Exciting out-of-equilibrium states in macromolecules through light pumping

TL;DR

This paper investigates how light energy absorbed by fluorophores attached to proteins can be transferred into vibrational modes, leading to coherent oscillations, and addresses the initial step of energy transfer from electronic excitation to phonons.

Contribution

It provides a theoretical analysis of the energy transfer process from electronic excitation to vibrational phonons in proteins under light pumping, filling a key gap in understanding.

Findings

Energy transfer from electronic to vibrational modes is feasible under specific conditions.

Light pumping can induce coherent vibrational oscillations in proteins.

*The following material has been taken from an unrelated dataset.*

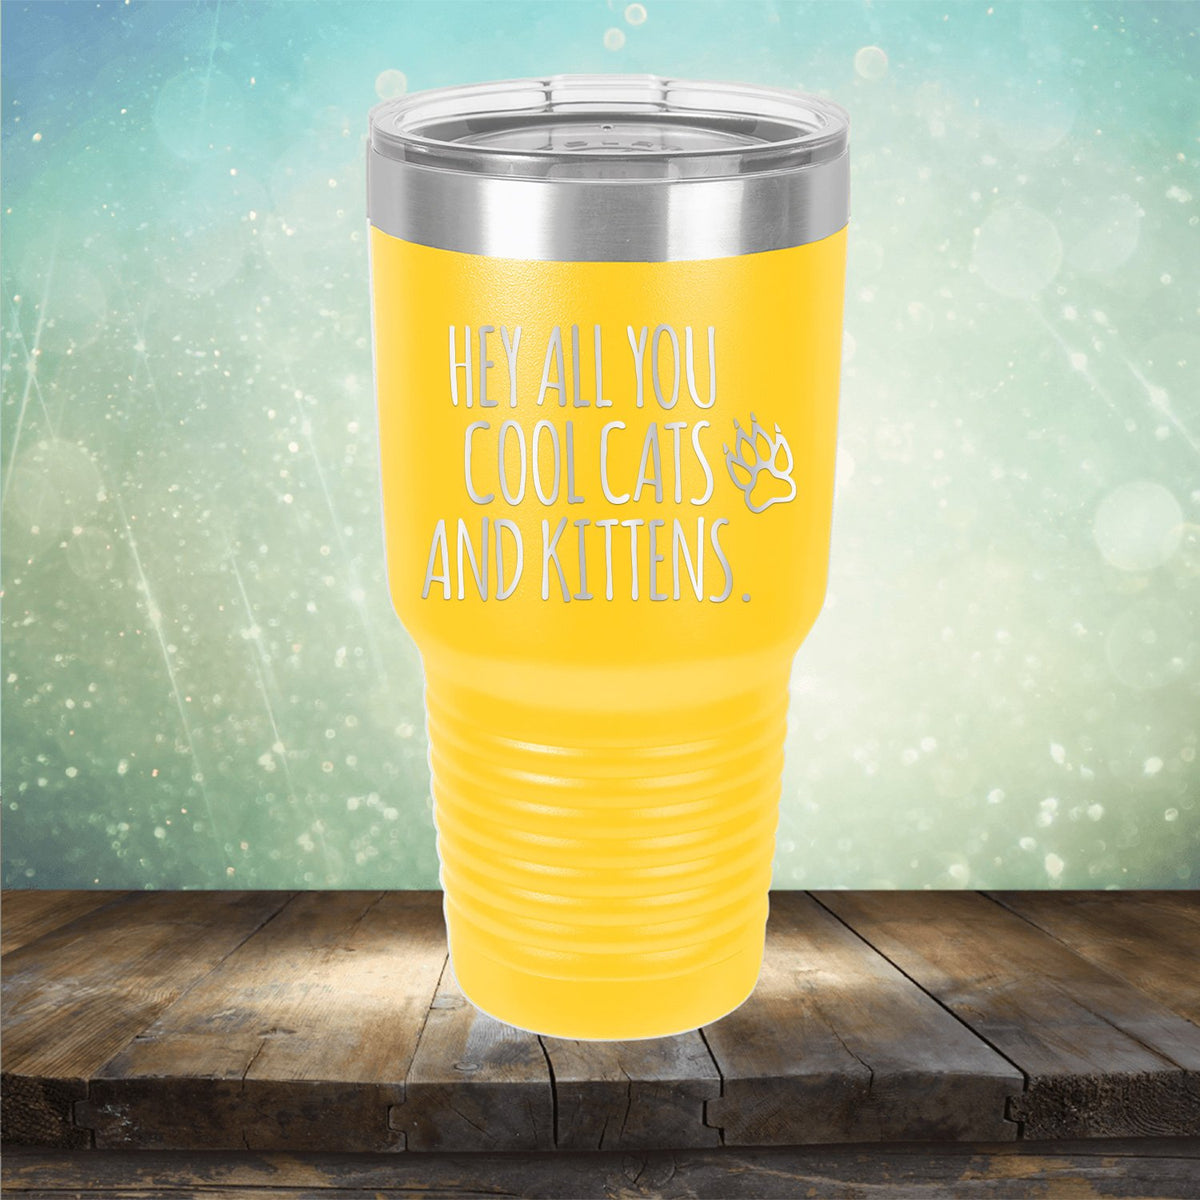 Hey All You Cool Cats and Kittens - Laser Etched Tumbler Mug

Theoretical framework explains the initial energy transfer step.

Abstract

In the present paper we address the problem of the energy downconversion of the light absorbed by a protein into its internal vibrational modes. We consider the case in which the light receptors are fluorophores either naturally co-expressed with the protein or artificially covalently bound to some of its amino acids. In a recent work [Phys. Rev. X 8, 031061 (2018)], it has been experimentally found that by shining a laser light on the fluorophores attached to a protein the energy fed to it can be channeled into the normal mode of lowest frequency of vibration thus making the subunits of the protein coherently oscillate. Even if the phonon condensation phenomenon has been theoretically explained, the first step - the energy transfer from electronic excitation into phonon excitation - has been left open. The present work is aimed at filling this gap.